+++ DATA FOR REVIEW +++
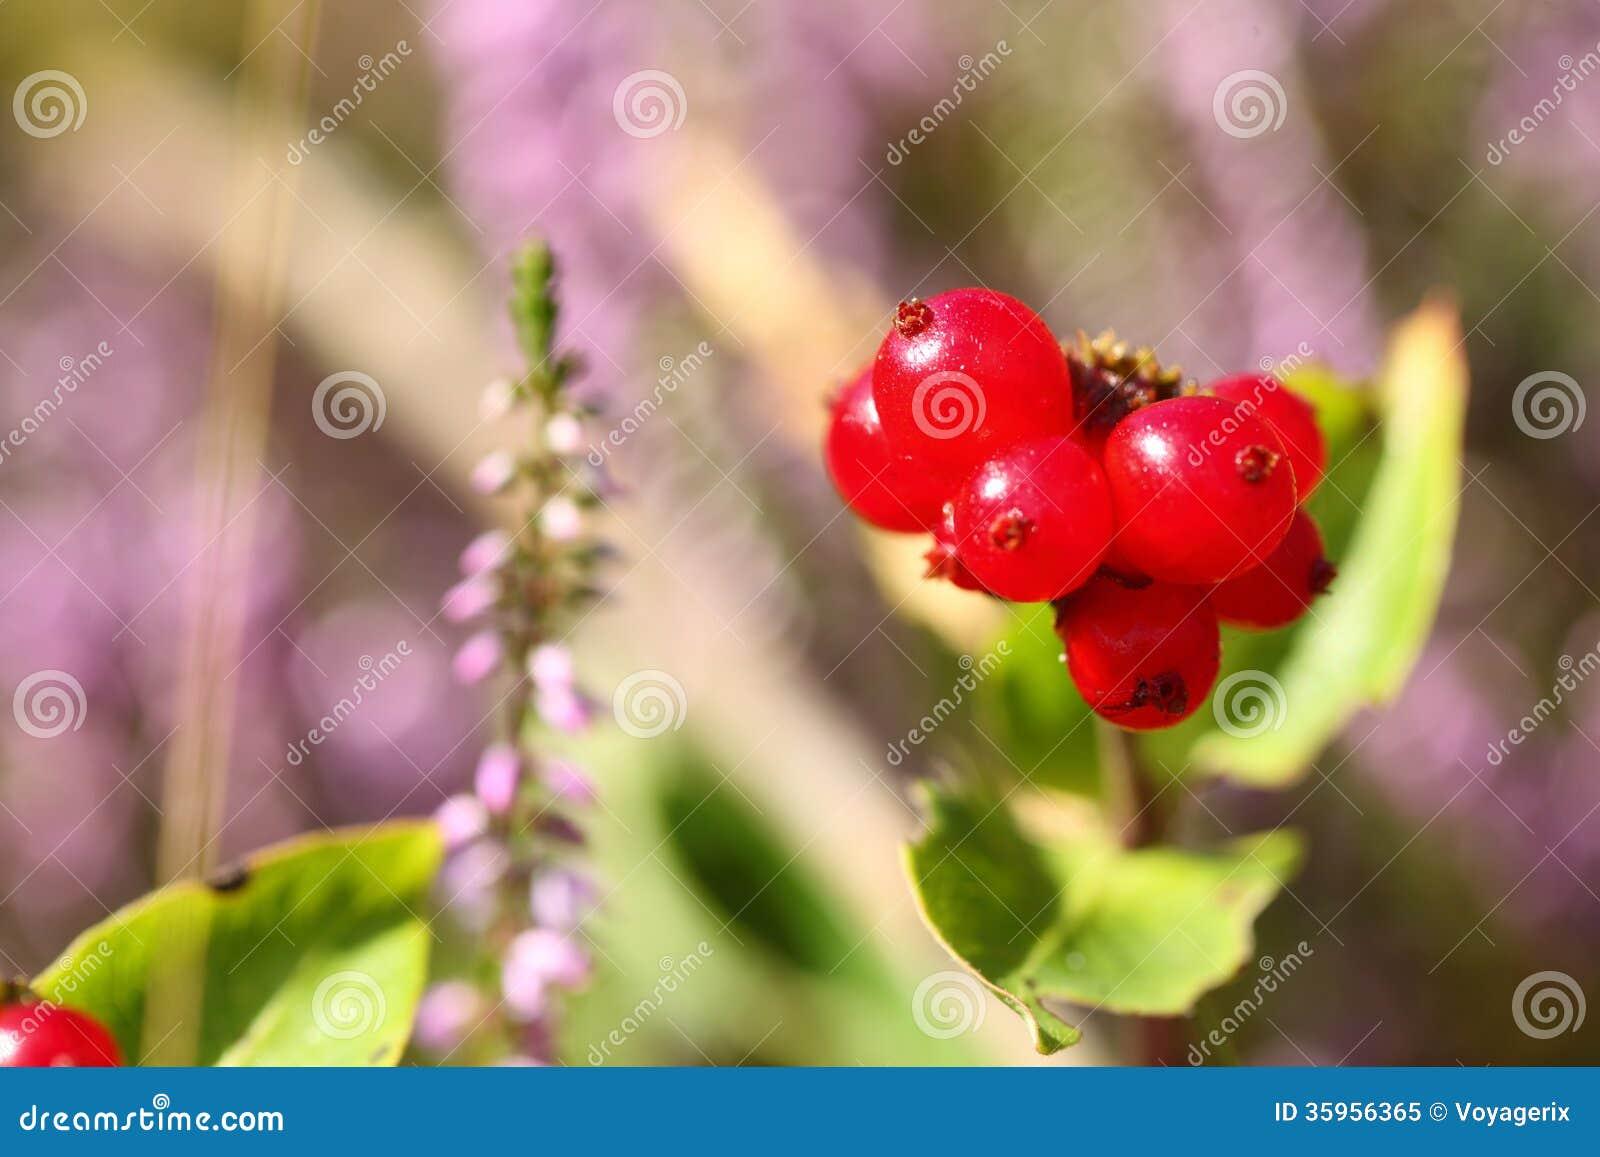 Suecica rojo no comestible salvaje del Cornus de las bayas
+++
+++ DATA FOR REVIEW +++
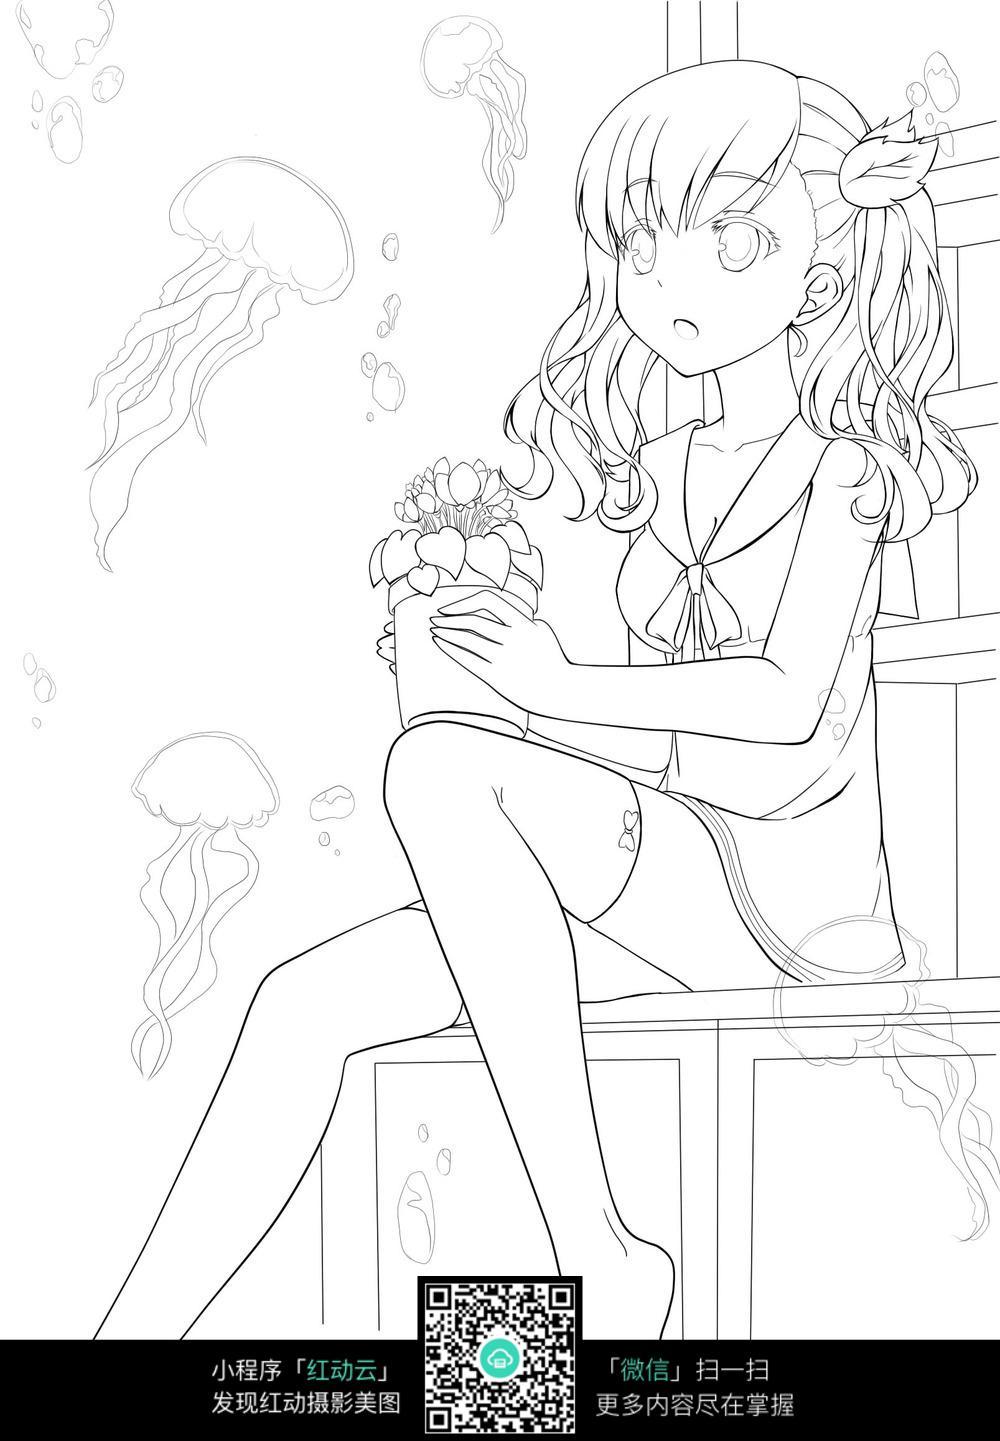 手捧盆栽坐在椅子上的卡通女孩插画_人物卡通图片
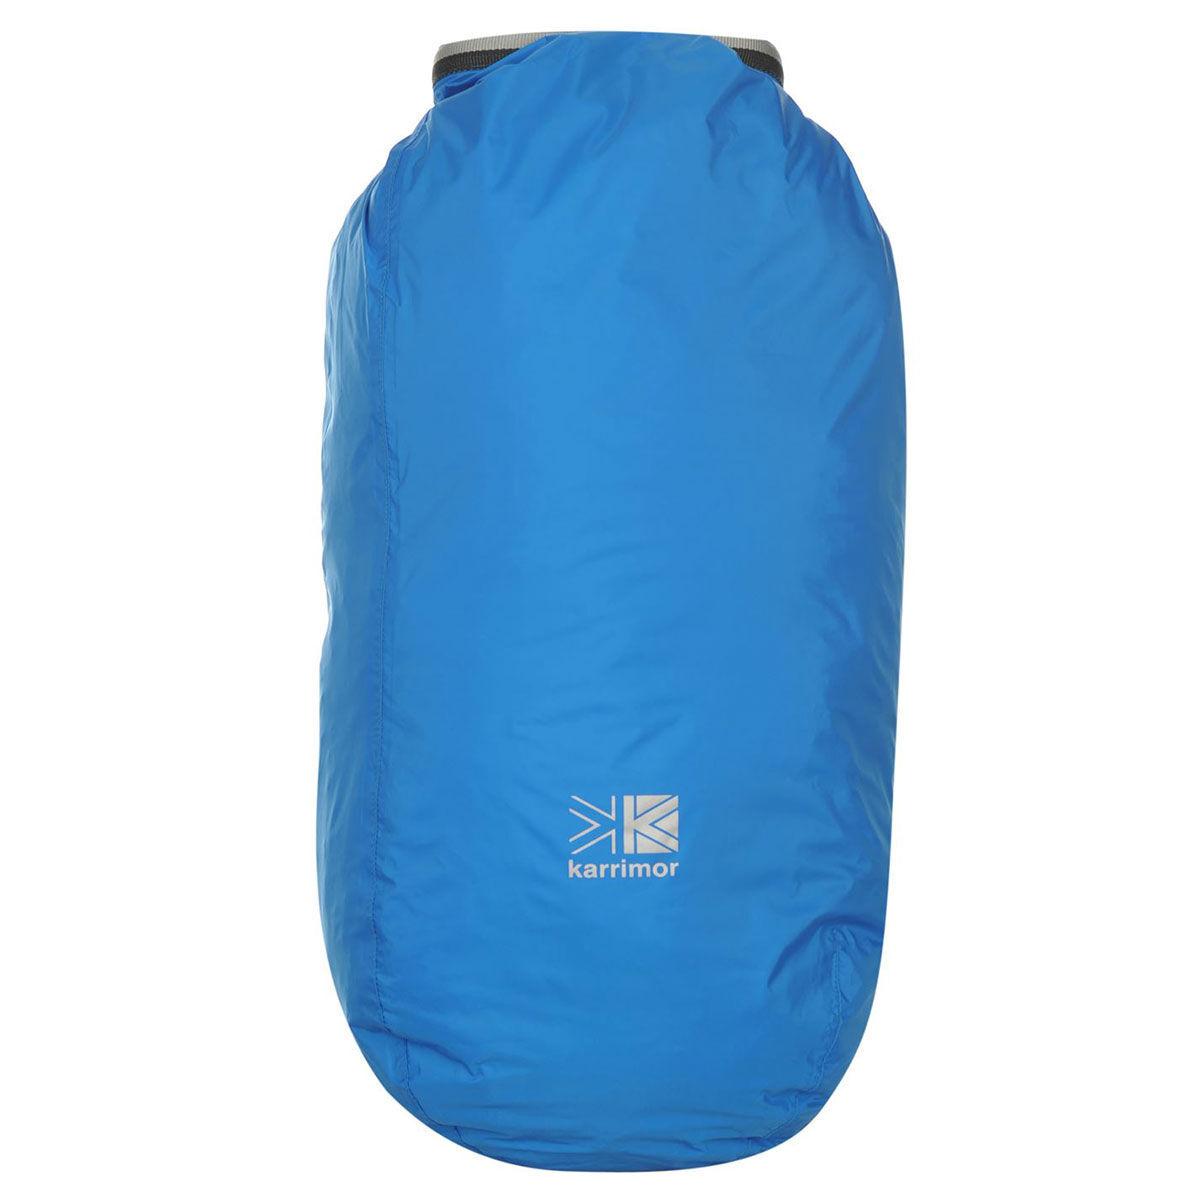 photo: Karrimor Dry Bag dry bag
+++
When you reach the line with "手捧盆栽坐在椅子上的卡通女孩插画_人物卡通图片" in the records above, begin repeating the lines exactly, and stop after the line with "photo: Karrimor Dry Bag dry bag". Skip all pictures.

 手捧盆栽坐在椅子上的卡通女孩插画_人物卡通图片
 photo: Karrimor Dry Bag dry bag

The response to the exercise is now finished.